AI-generated foundations save hours initially but can create debugging headaches. This is obvious to many critics of AI developer tools but this was the first time where I genuinely hit something like this (and in fairness only after 1k+ lines of AI-generated code).
Feature Flow
Once the codebase was cleaned up and I regained context into what was going on, I entered a flow state of progressively iterating on specific features. This ended up being several loops of:
Identify something that should be improved.
Ask Cursor to implement it
Minor clean up (often with just follow up prompts)
Test
Some fairly complex features were basically just a few short prompts (< 30 m with AI, would have been a few hours without):
Making everything look nice on mobile
Adding image/sketch/screenshot uploads and prompting
Adding anthropic as a model provider
Adding user+team settings page, tables, and endpoints
This is where it really shined with entire core features taking just a few minutes to implement (and implement correctly!).
Prompt Stack’s Stack
For those interested in the technical “how” this was built, here’s the stack:
Backend
The app and postgres backend are hosted on Railway (zero config app hosting). The project websites themselves are hosted in ephemeral Modal sandboxes which each have an SSL tunnel to allow external connections.
The server is Python FastAPI (chosen just because I’ve never used it before) and includes a websocket server for managing live project chats.
Since the modal sandboxes took a bit of time to spin up and only supports a timeout field for termination, additional cron tasks:
Preallocate sandbox volumes to reduce startup times
Terminate sandboxes after project inactivity
Frontend
I chose NextJS/Tailwind/Shadcn because it looked nice, and I hadn’t had much experience with NextJS before.

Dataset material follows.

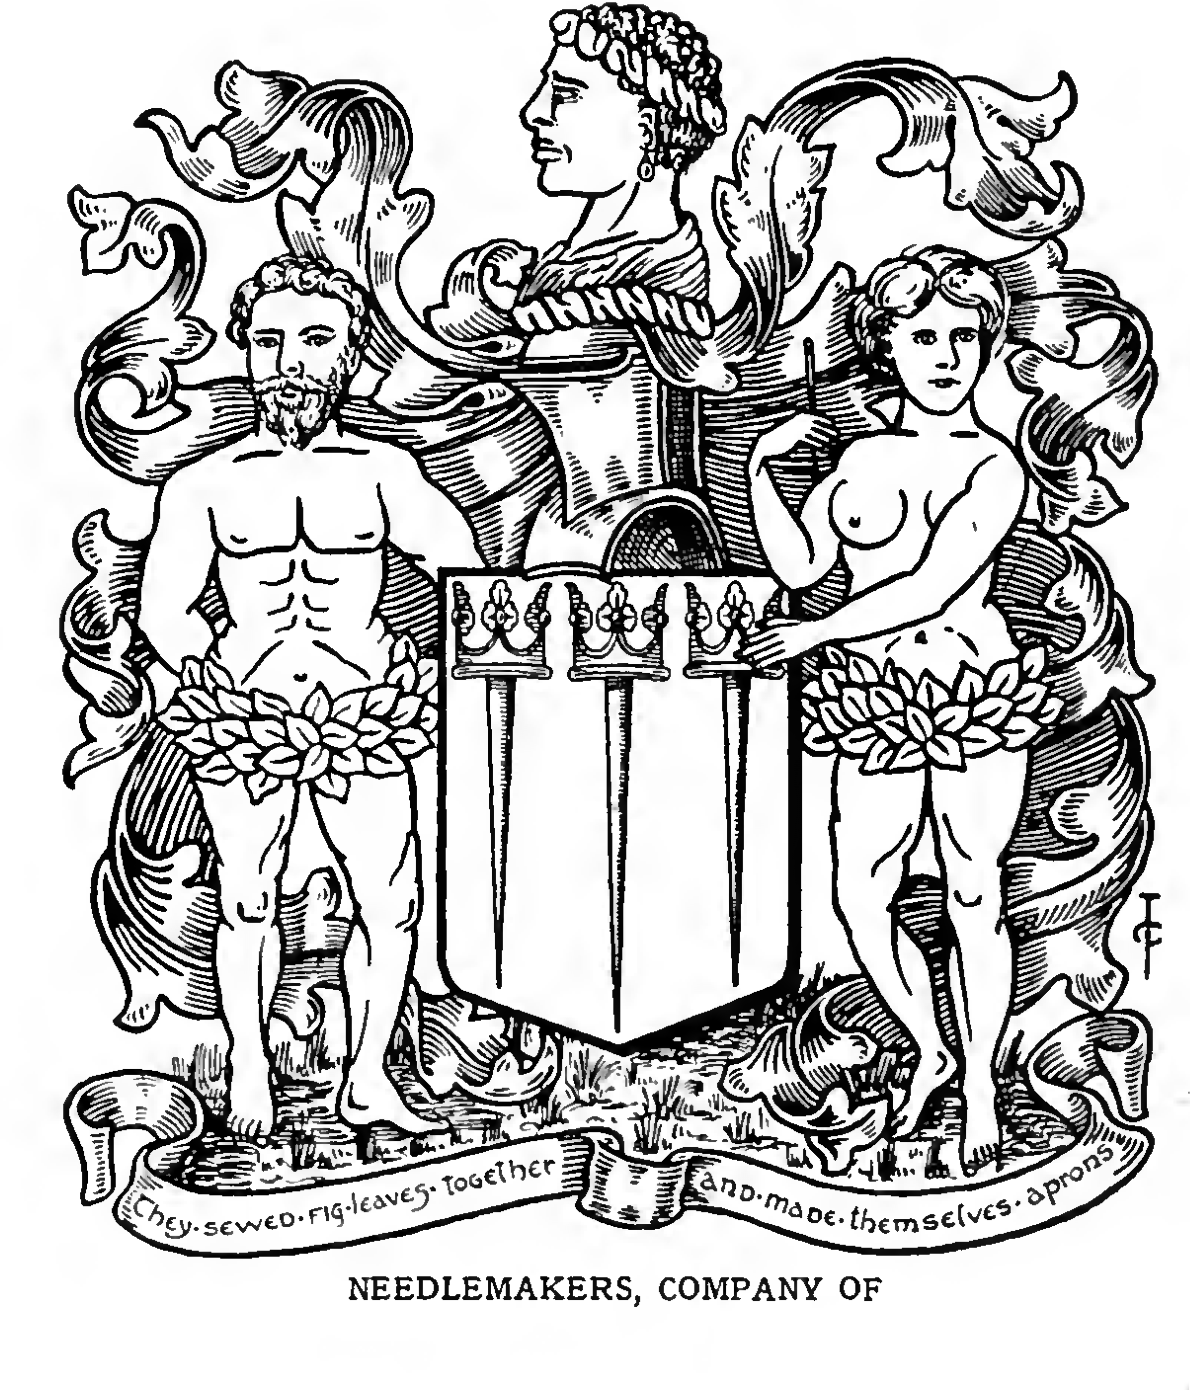 NEEDLEMAKERS, The Worshipful Company of, London.

Chat content is rendered with react-markdown
with custom plugins to support the thinking and output file syntaxes generated by the AI agent.
AI-end
I split LLM usage into “cheap” and “smart” use cases.

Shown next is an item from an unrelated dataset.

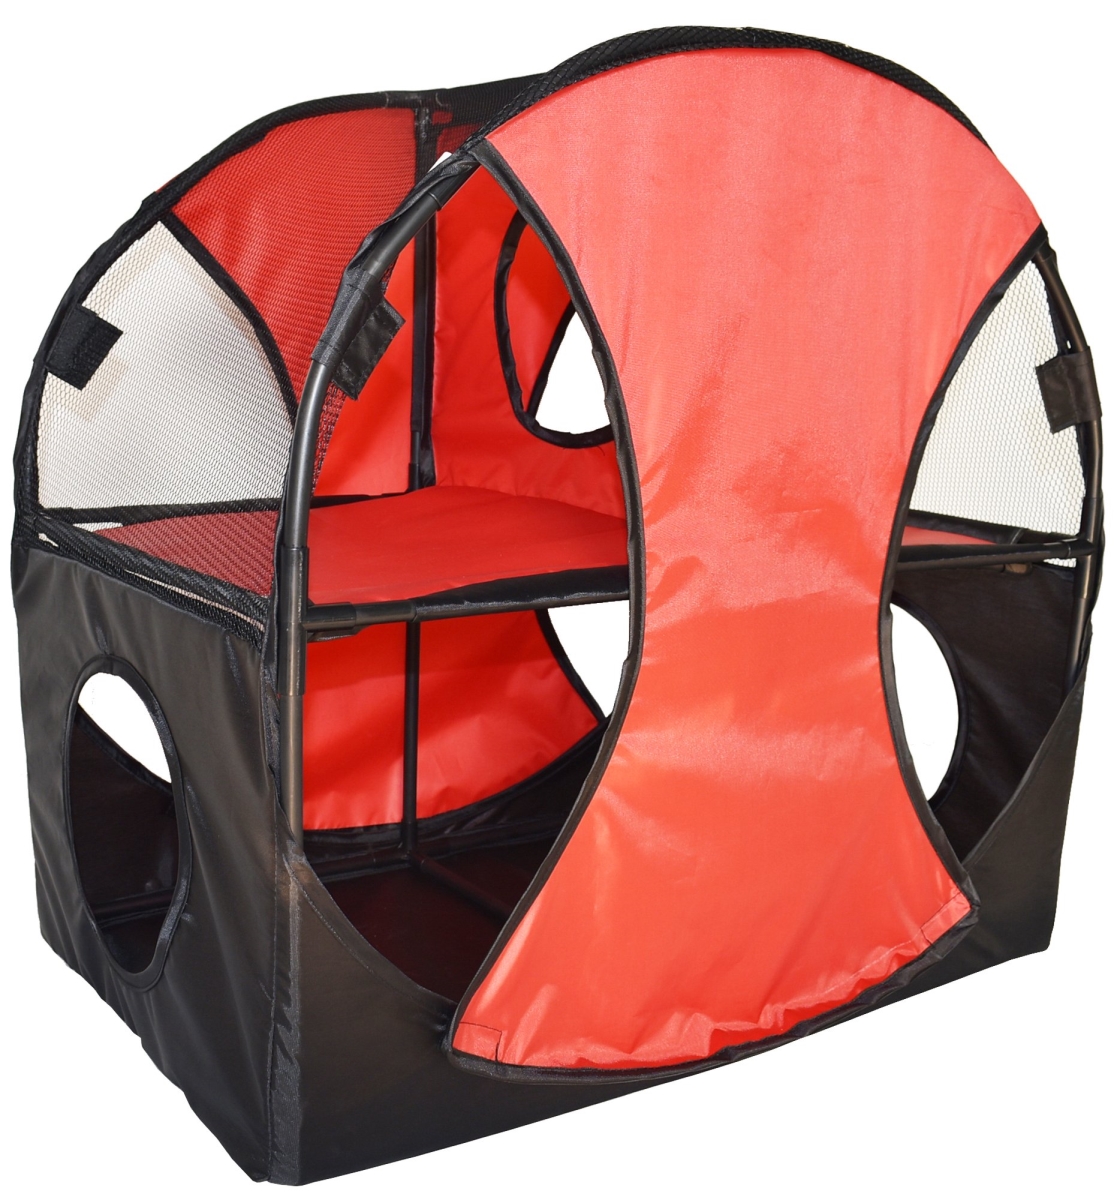 Pet Life Ptt7rdbk Kitty Play Pet Cat House, Red & Black - One Size

Cheap: project naming, chat naming, and follow up questions are just basic prompts using
gpt-4o-mini.
Smart: Originally I went with OpenAI
gpt-4o
but swapping tosonnet-3.5
was a night and day difference. It’s actually so much better for full-file coding that I would go as far as saying that this use case just didn’t work with OpenAI models.
As for agent features:
Planning was done by streaming the results of a planning prompt with markdown headings that were parsed out on the frontend.
Code generation was done with just special text code blocks. The agent can omit parts of the code, so for each file, the cheap model uses the agent’s partial code blocks to patch and regenerate the entire file.

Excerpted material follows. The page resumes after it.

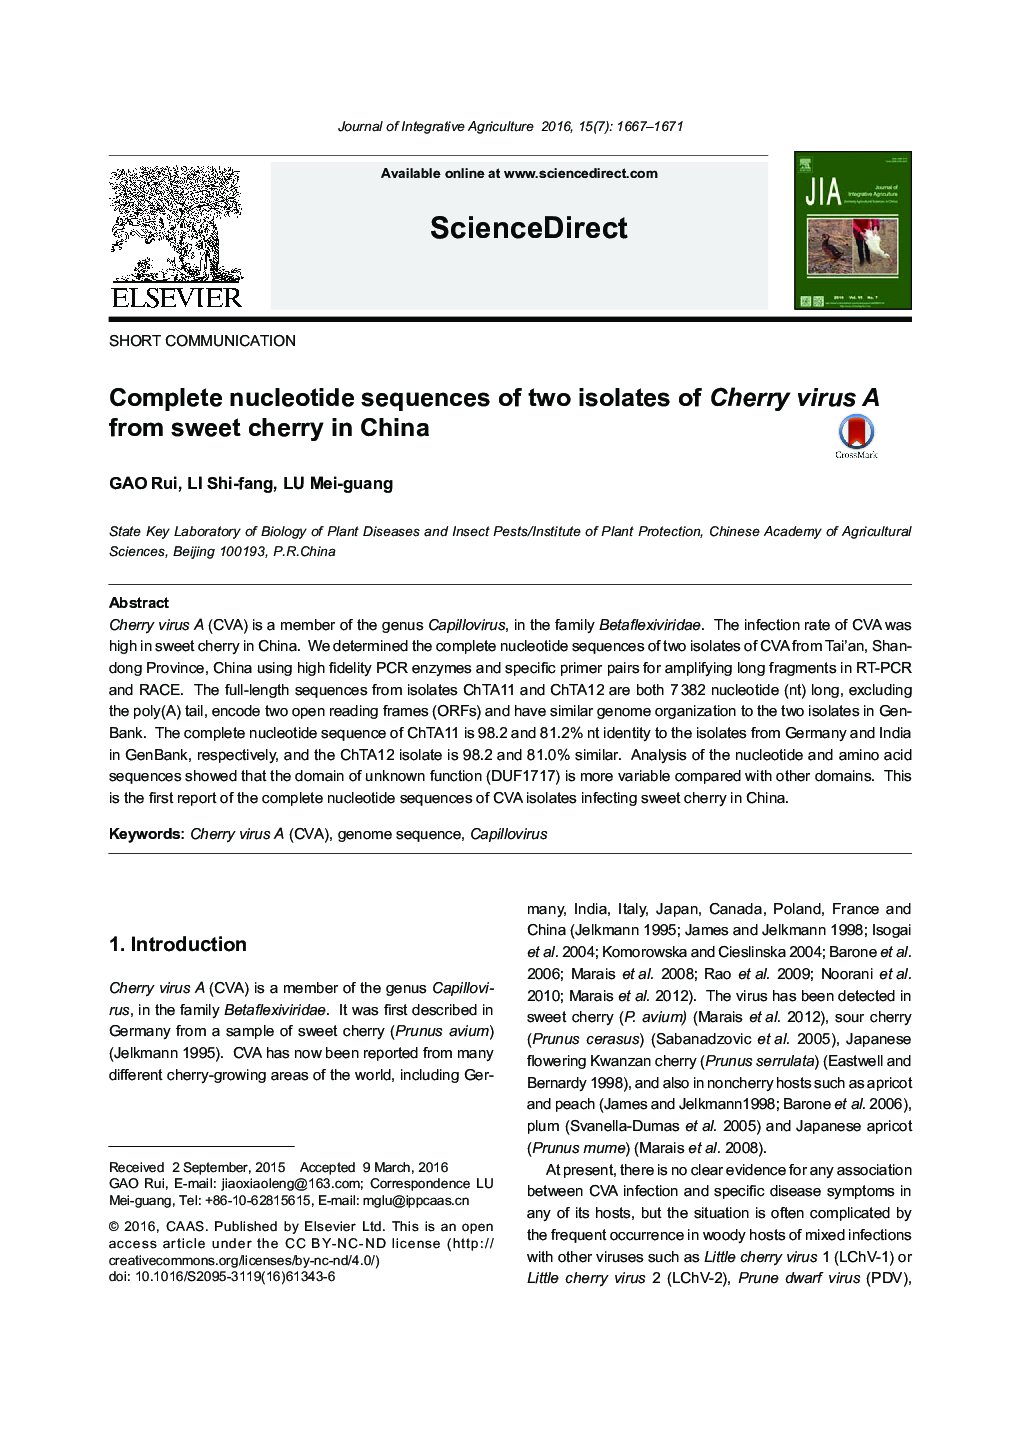 Complete nucleotide sequences of two isolates of Cherry virus A from sweet cherry in China

Common coding errors (e.g. using the wrong component versions) were resolved with dynamically injected prompts that trigger for common problematic patterns
Conclusions
While there’s a lot of hype around the “acceleration” we’ll see over the next few years with bigger and better AI models, I like to think this type of project is kind of what it looks like. AI makes it exponentially faster to build other AI tools that make other workflows magnitudes faster. I’d be surprised if the tools Anthropic/OpenAI use to evaluate and build new models aren’t also being built at least partially by the previous versions of those same models. For the next decade, we will see a huge feedback loop of AI making AI better — and shaping how we solve everyday engineering problems faster.